Participants in the Solicitation

Linear Technology, Analog Devices and certain of their directors, executive officers and employees may be deemed participants in the solicitation of proxies from Linear Technology shareholders in connection with the proposed transaction. Information regarding the persons who may be deemed to be participants in the solicitation of Linear Technology shareholders in connection with the proposed transaction, including a description of their direct or indirect interests, by security holdings or otherwise, will be set forth in the

proxy statement/prospectus when it is filed with the SEC. Information about the directors and executive officers of Analog Devices and their ownership of Analog Devices’ common stock is set forth in the definitive proxy statement for the Analog Devices’ 2016 annual meeting of shareholders, as previously filed with the SEC on January 28, 2016. Information about the directors and executive officers of Linear Technology and their ownership of Linear Technology common stock is set forth in the definitive proxy statement for Linear Technology’s 2015 annual meeting of shareholders, as previously filed with the SEC on September 17, 2015. Free copies of these documents may be obtained as described in the paragraphs above.

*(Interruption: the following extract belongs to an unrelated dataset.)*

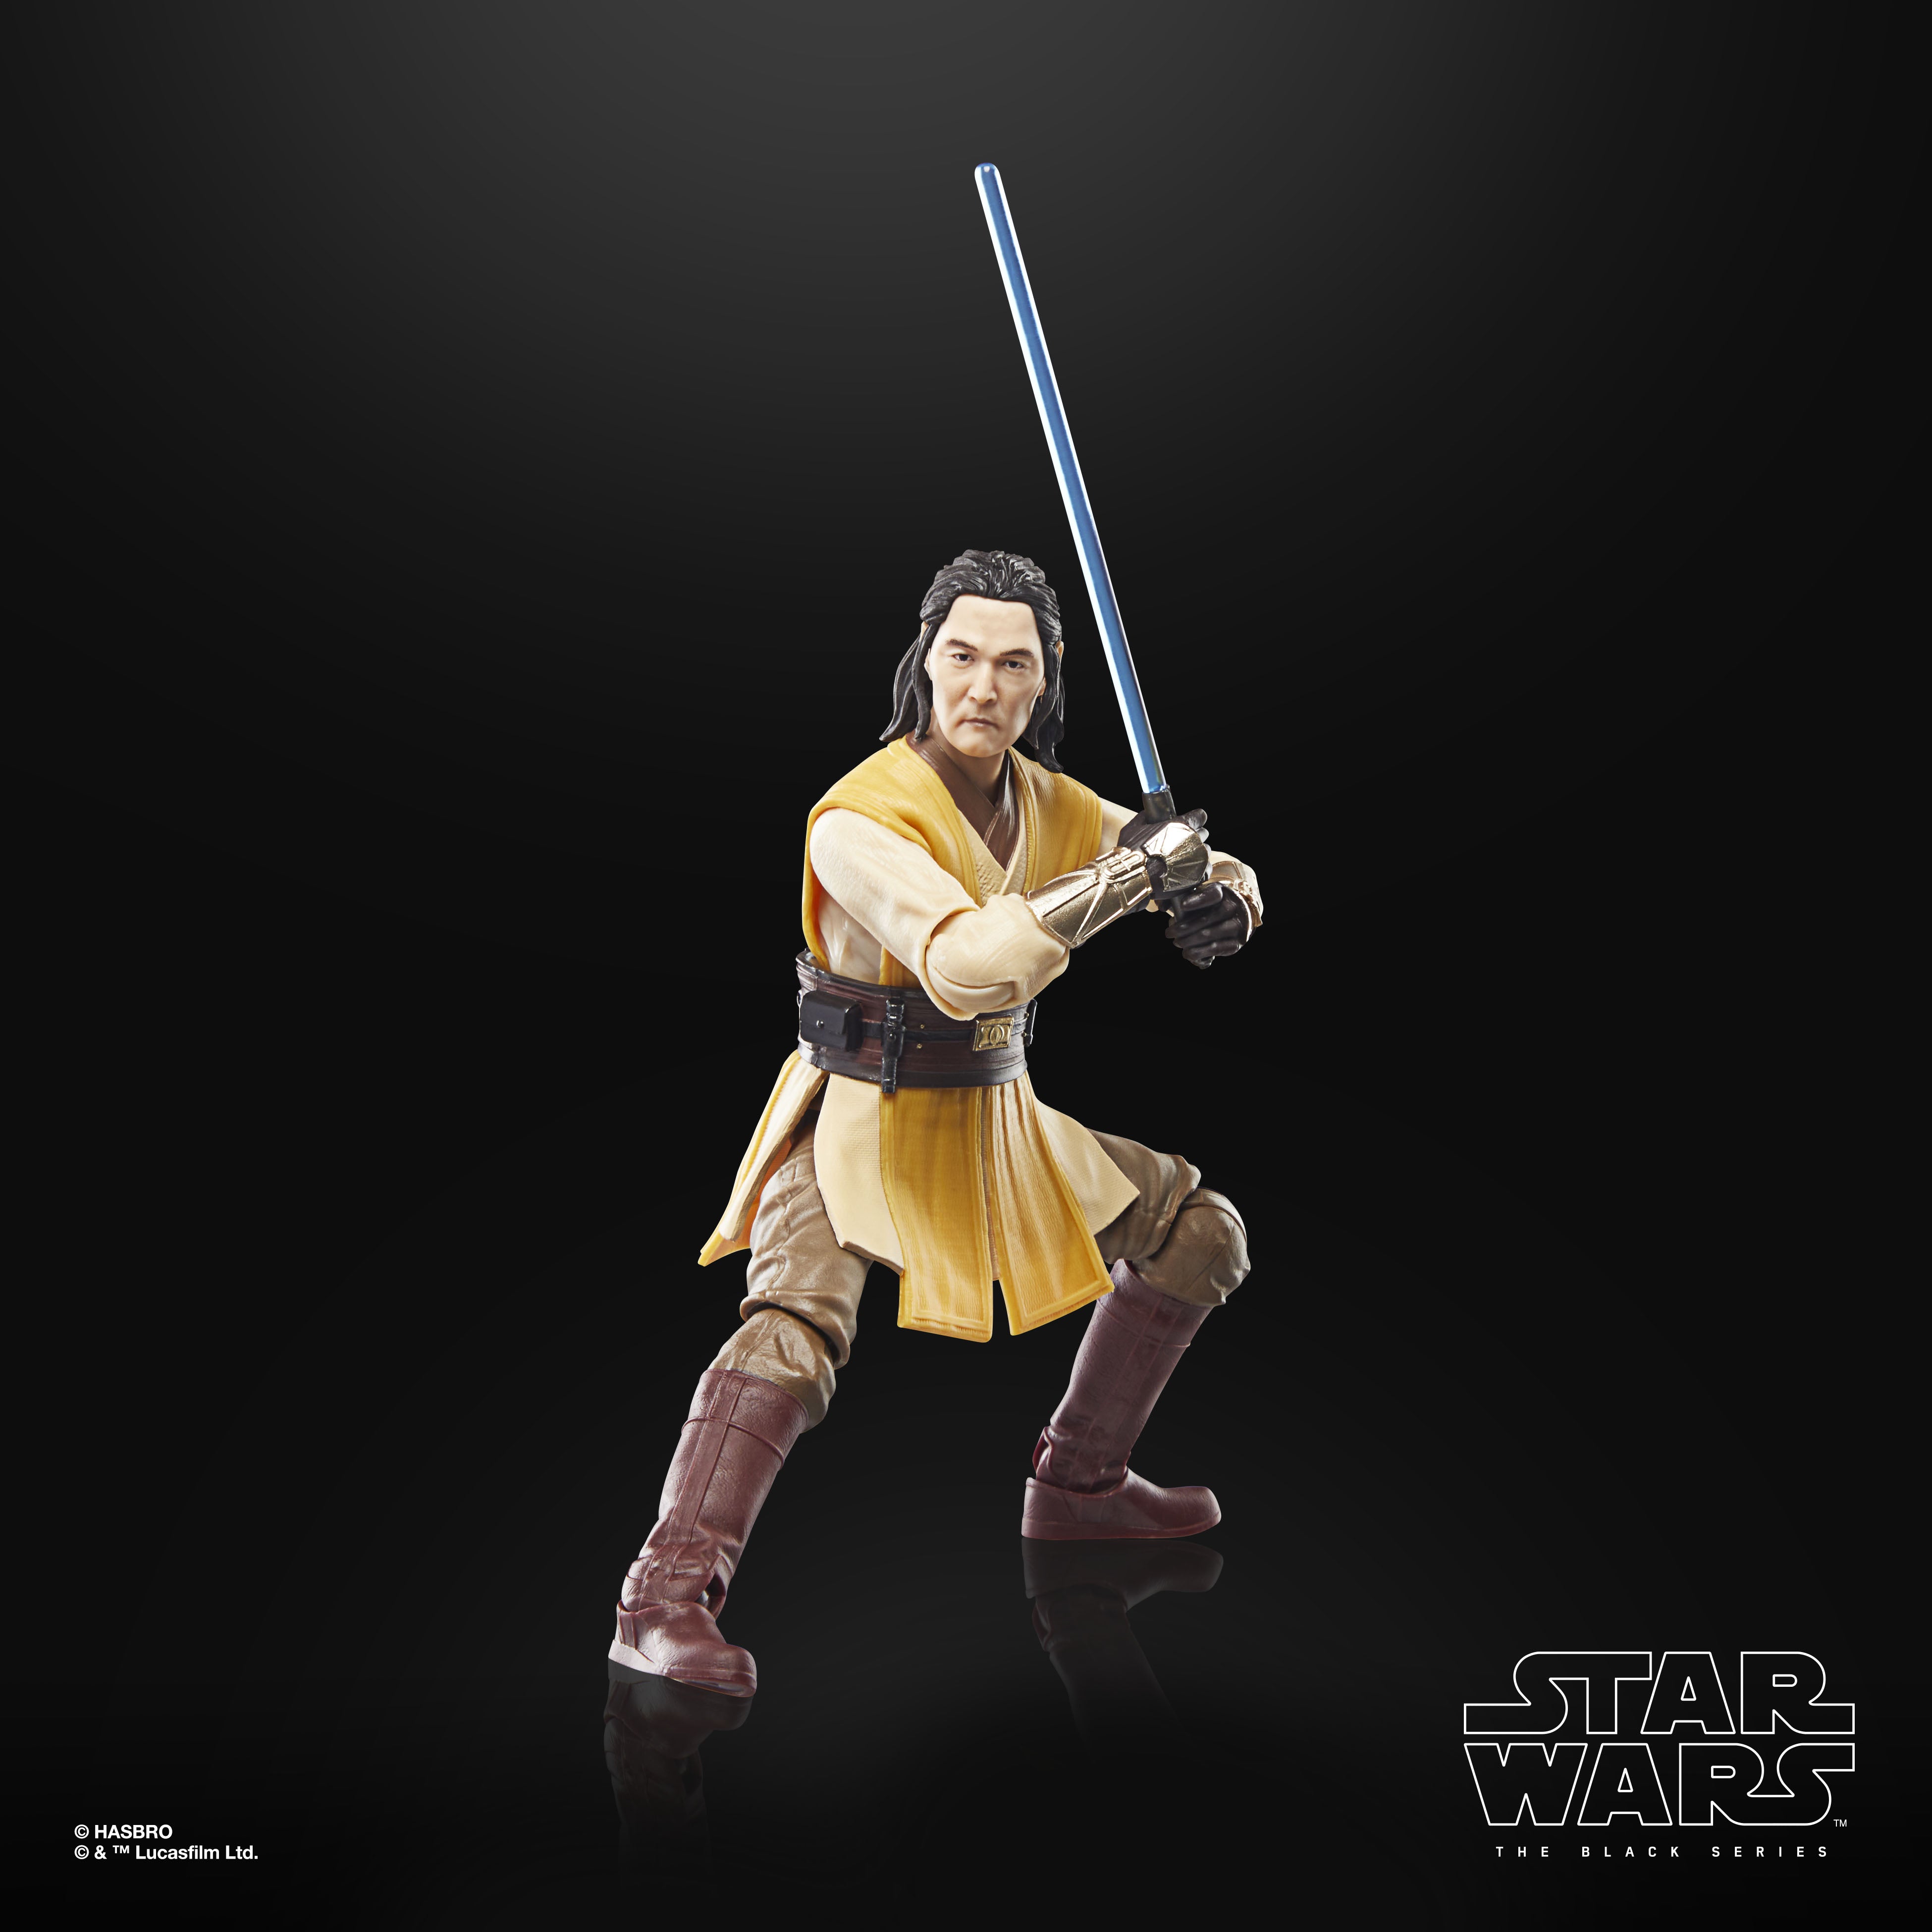 Star Wars The Black Series: The Acolyte - Jedi Master Sol

This communication shall not constitute an offer to sell or the solicitation of an offer to sell or the solicitation of an offer to buy any securities, nor shall there be any sale of securities in any jurisdiction in which such offer, solicitation or sale would be unlawful prior to registration or qualification under the securities laws of any such jurisdiction. No offer of securities shall be made except by means of a prospectus meeting the requirements of Section 10 of the Securities Act of 1933, as amended.